This is all beside the point. Engaging in such conversations is feeding a
witch-hunt (on either side).

The facts as I've seen them are simple. He made a penis joke which could be
overheard. She took offense. He admitted it was an offensive penis joke. He
got fired.

The telling point for me is her other behavior. She made a penis joke on
Twitter. Unless she admits that that joke was offensive, she's a hypocrite.

I find that more offensive than the original joke. Being offended at behavior
you do yourself is at best naive. At worst deliberately hypocritical and
amoral.

------
ricleal
Less than 30 mins ago: "Effective immediately, SendGrid has terminated the
employment of Adria Richards"

<https://www.facebook.com/SendGrid/posts/10151502570463967>

------
scott_meade
Passive public shaming could be the future with Google Glass and like tech.
Your behavior won't need to be actively "reported". If it happens within range
of someone wearing Glass, what you say and do could simply be recorded,
indexed, and searchable by anyone.

------
njharman
I don't see how penis jokes, fucking jokes, etc. are in anyway sexism,
misogyny or otherwise against women. They're against prudes and the sexually
repressed. They're inappropriate in some contexts.

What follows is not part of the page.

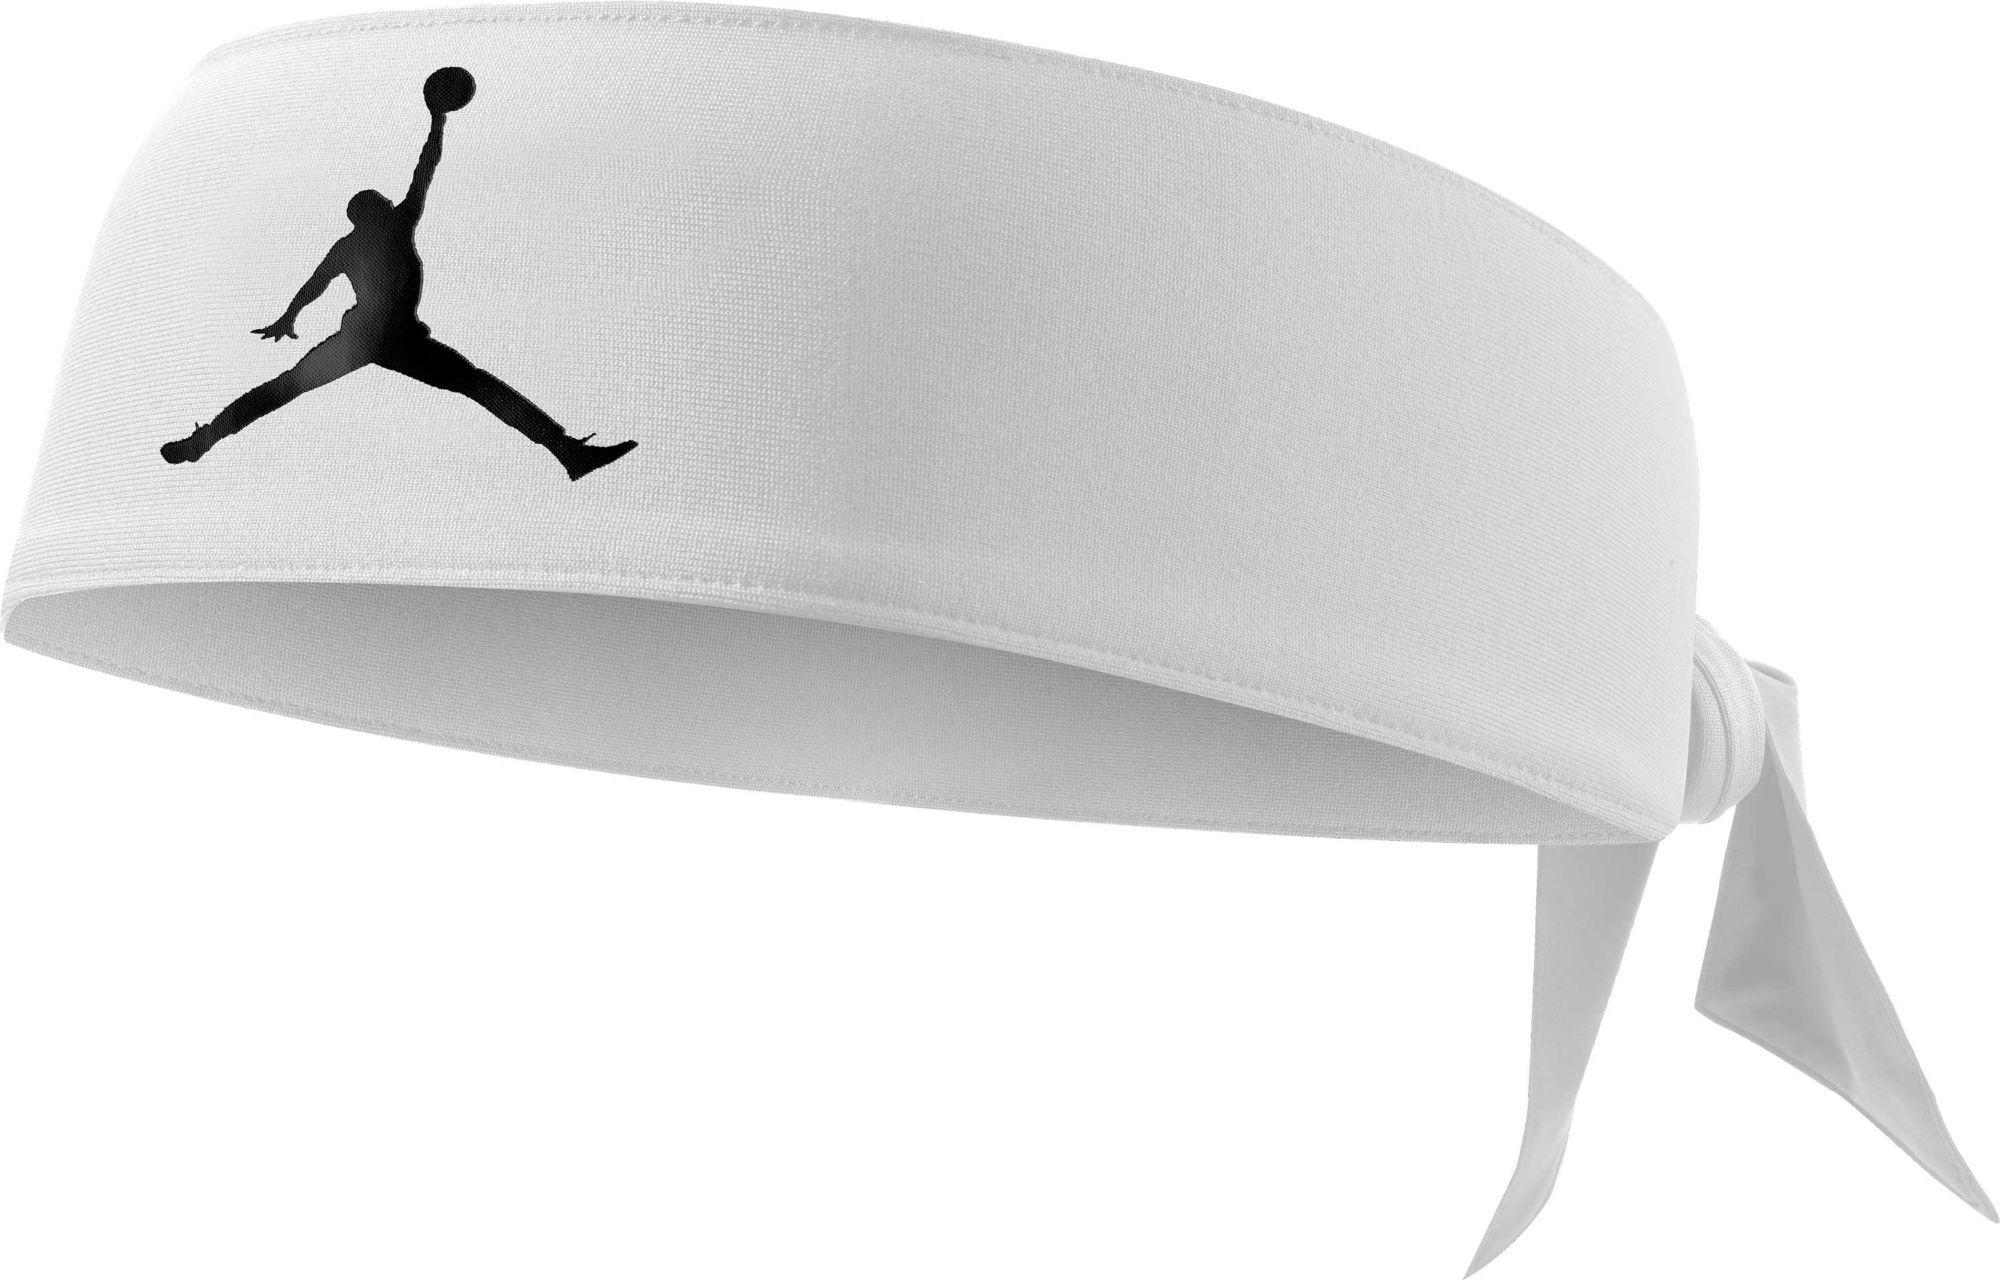 Nike. Men's White Jordan Jumpman Dri-fit Head Tie. $15 From Dick's Sporting  Goods ...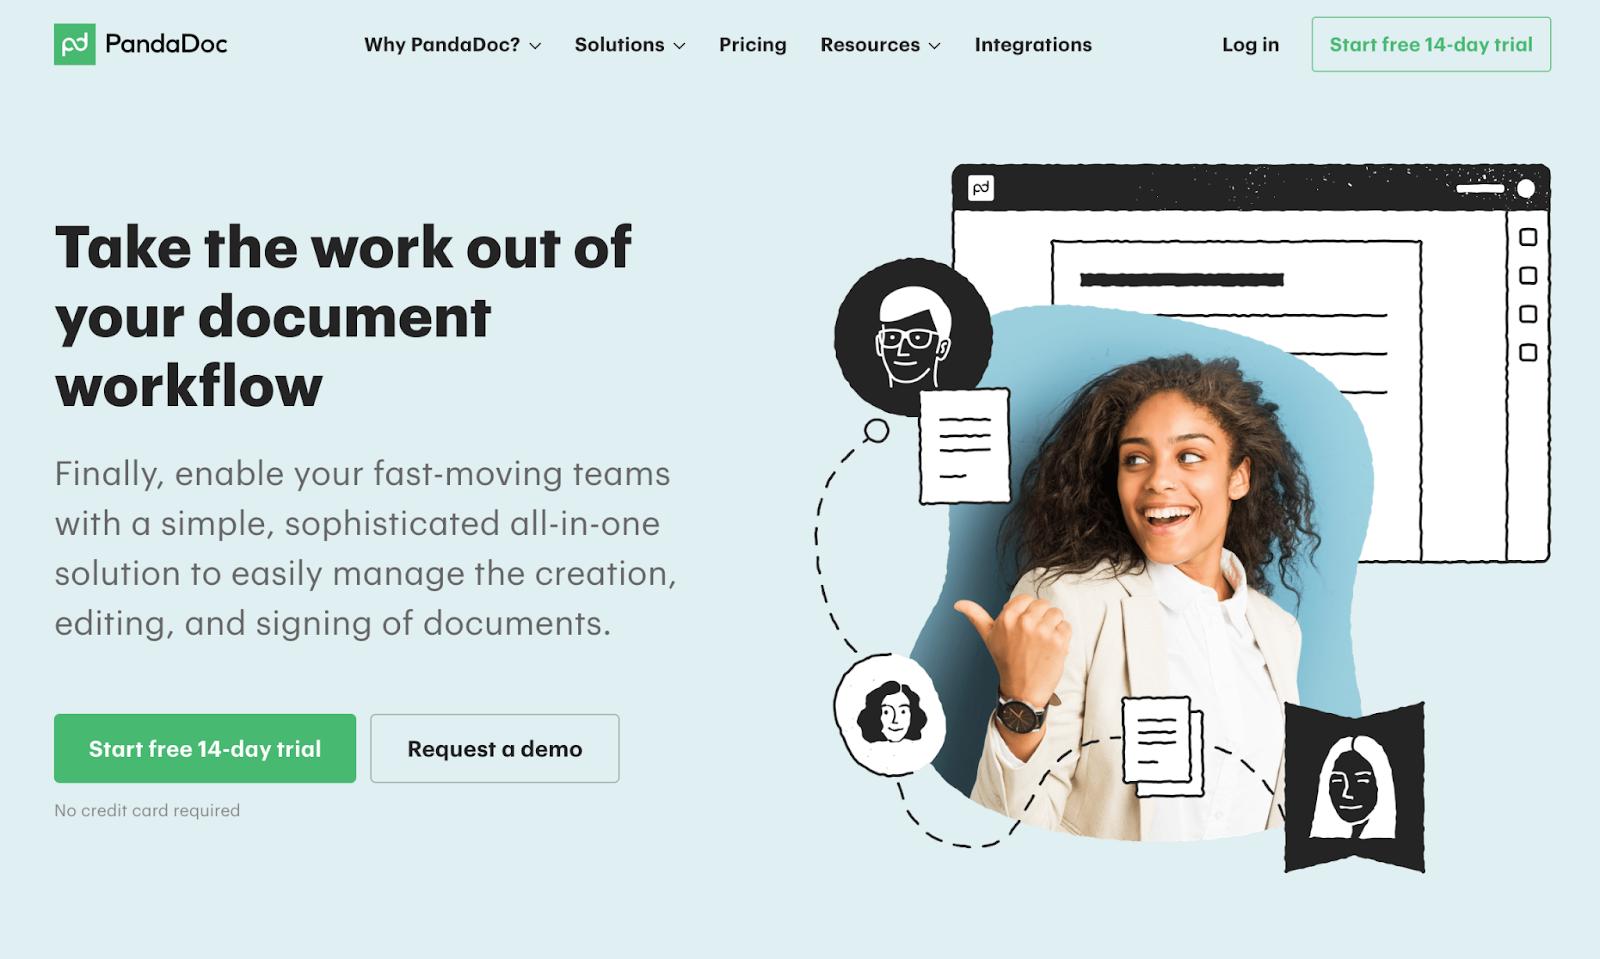 pandadoc proposal software for freelancers

If you feel they are sexist, etc. It is you who are being sexist and demeaning
cause you've accepted the stereotype that women should be virginal, sexually
repressed, are frail and weak needing protected from thoughts of sex, sexual
innuendo, etc.

------
gcb0
Nothing to see here. She manipulated a bunch of guys (dressed up as woman,
smiled while taking their pictures, giving a very false and manipulative
premise) and publicly difamed them over something he/she overheard. Which
could be totally taken out of context...

To be honest, anon taking an interest on her is a fitting end for someone who
values the privacy of others so low like she proven to.

------
chernevik
They can amend the rules all they like but they'll never arrive at a set that
properly covers all the various behaviors that people rightly find
objectionable.

In the process of trying they'll very likely end up with a set of
contradictory and/or impossibly ambiguous rules. They'll also encourage people
to think that by compliance with the rules they've done all they need to.
They'll encourage still others to abuse the rules in ways detrimental to other
people. And they'll discourage a lot of harmless and possibly useful /
interesting / fun discussion out of fear that it will be interpreted as a
violation.

Gender bias and stereotyping are problems of culture. The various violations
are all questions of judgment. Those judgments will always depend on questions
of context. That doesn't mean the problems are unimportant or that there can't
be consensus judgments of a full set of facts. But it does mean you cannot
solve questions of integrity and intent and interpretation with external
rules.

------
Zikes
Should this open the door to a discussion about the ethics of public shaming?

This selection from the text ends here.